On the left, I have attached the result of the Farnerback algorithm, which sees better results overall than LK, but has the disadvantage of being very slow, since it relies on heavy computation. One solution for speedup was to use GPU programming.

Before actually doing this, I decided to have a look at other methods.


I started focusing only on skin detection, and not motion. One of the easiest ways of detecting the skin was to define a color range and then simply look for that color range in the frames.




As you can see, this approach is heavily dependent on lighting conditions and also background. For example, if wood material is present in the scene, then that also gets detected as skin, and represents a false positive.



Tuesday, 4 November 2014

Work in progress: Vision system I

This post is going to be slightly larger than my previous ones, since I haven't posted anything for a while now. Mainly I will cover Computer Vision related aspects, since that is something I have mainly worked on.

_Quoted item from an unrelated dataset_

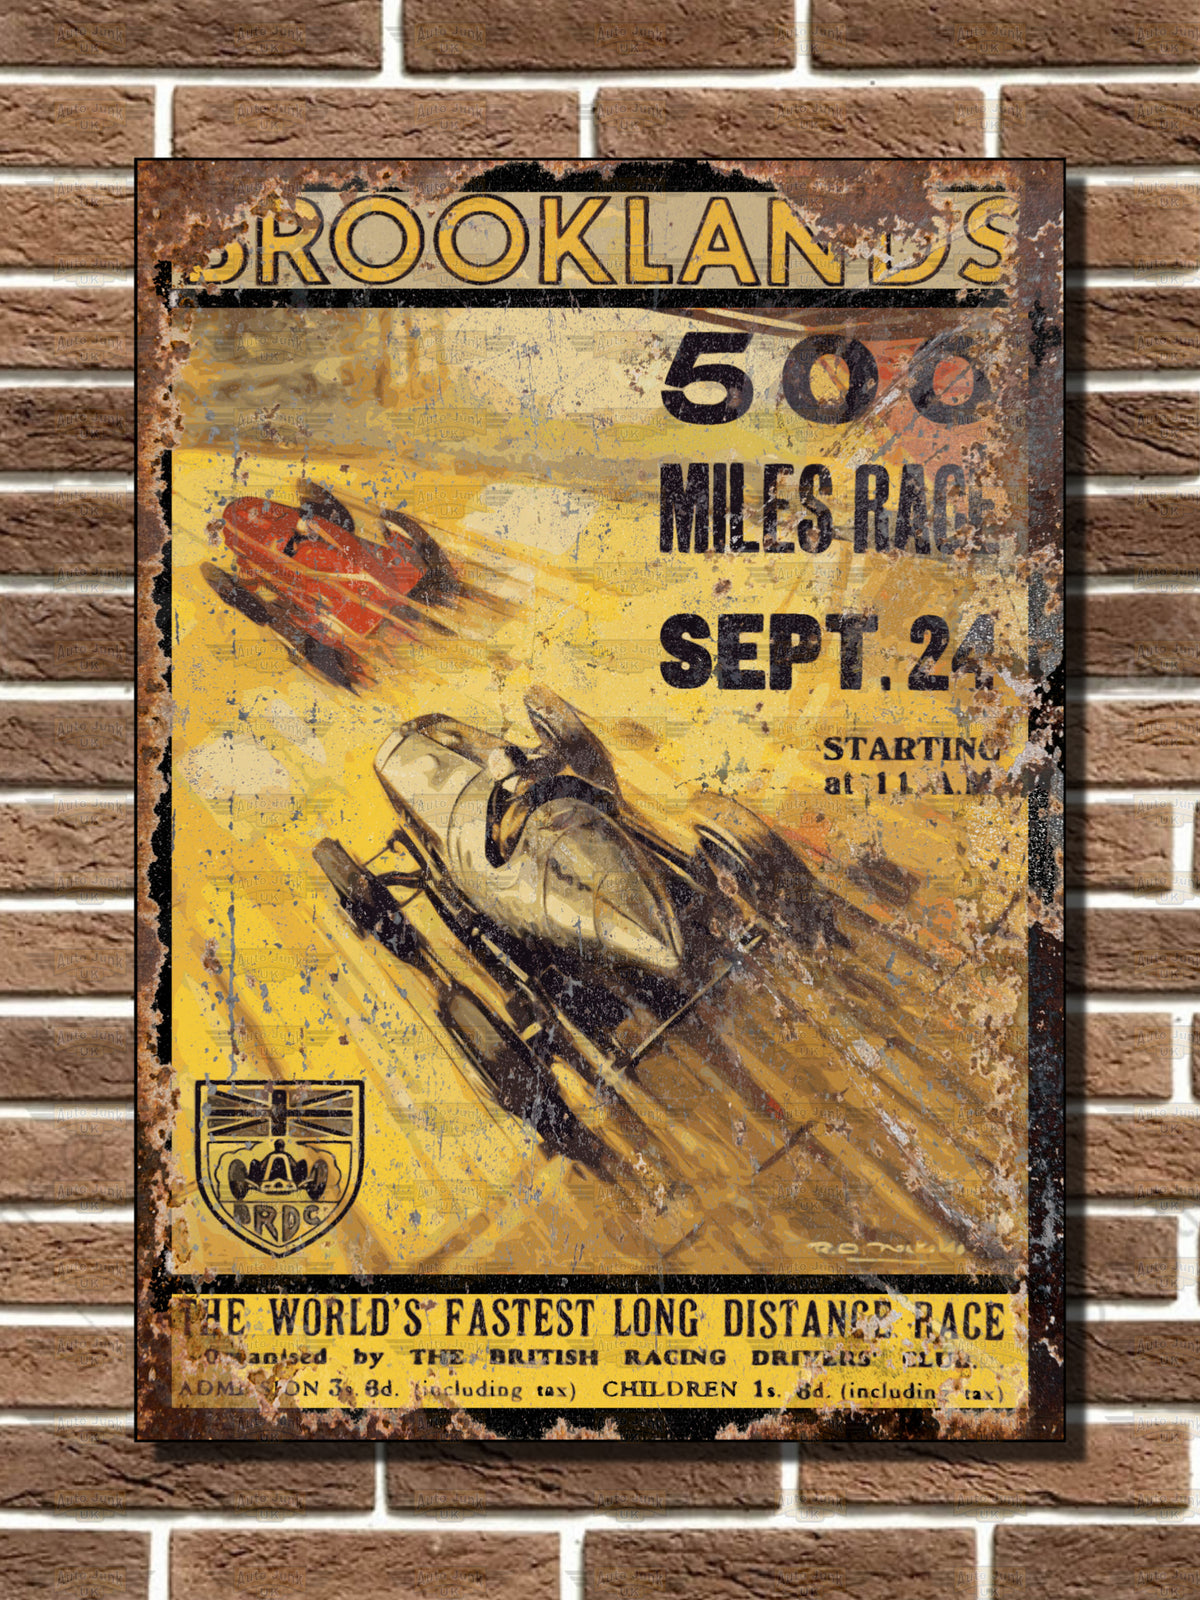 Brooklands 500 Miles Race Metal Sign

The idea we had for the project (initially), was to track smoke rings, suing the Kinect and OpenCV. The whole point of this was to project on them, without having a static location where we project. The main advantage the Kinect offers is depth recognition.

So far, so good.

Since I am using Ubuntu Linux, I managed to install the openKinect and freenect libraries on my machine, since the official SDK is available only on Microsoft Windows.

On the left you can see the depth representation from the Kinect camera. We encountered that while trying to shoot smoke rings, they would not get recognized as altering the depth of the image. Because of this problem, we decided to drop the Kinect but also to stop trying to recognize the smoke rings.

Instead, we started looking at how to recognize hand gestures solely in OpenCV.

In the next posts I will describe the techniques we used to build a reliable system.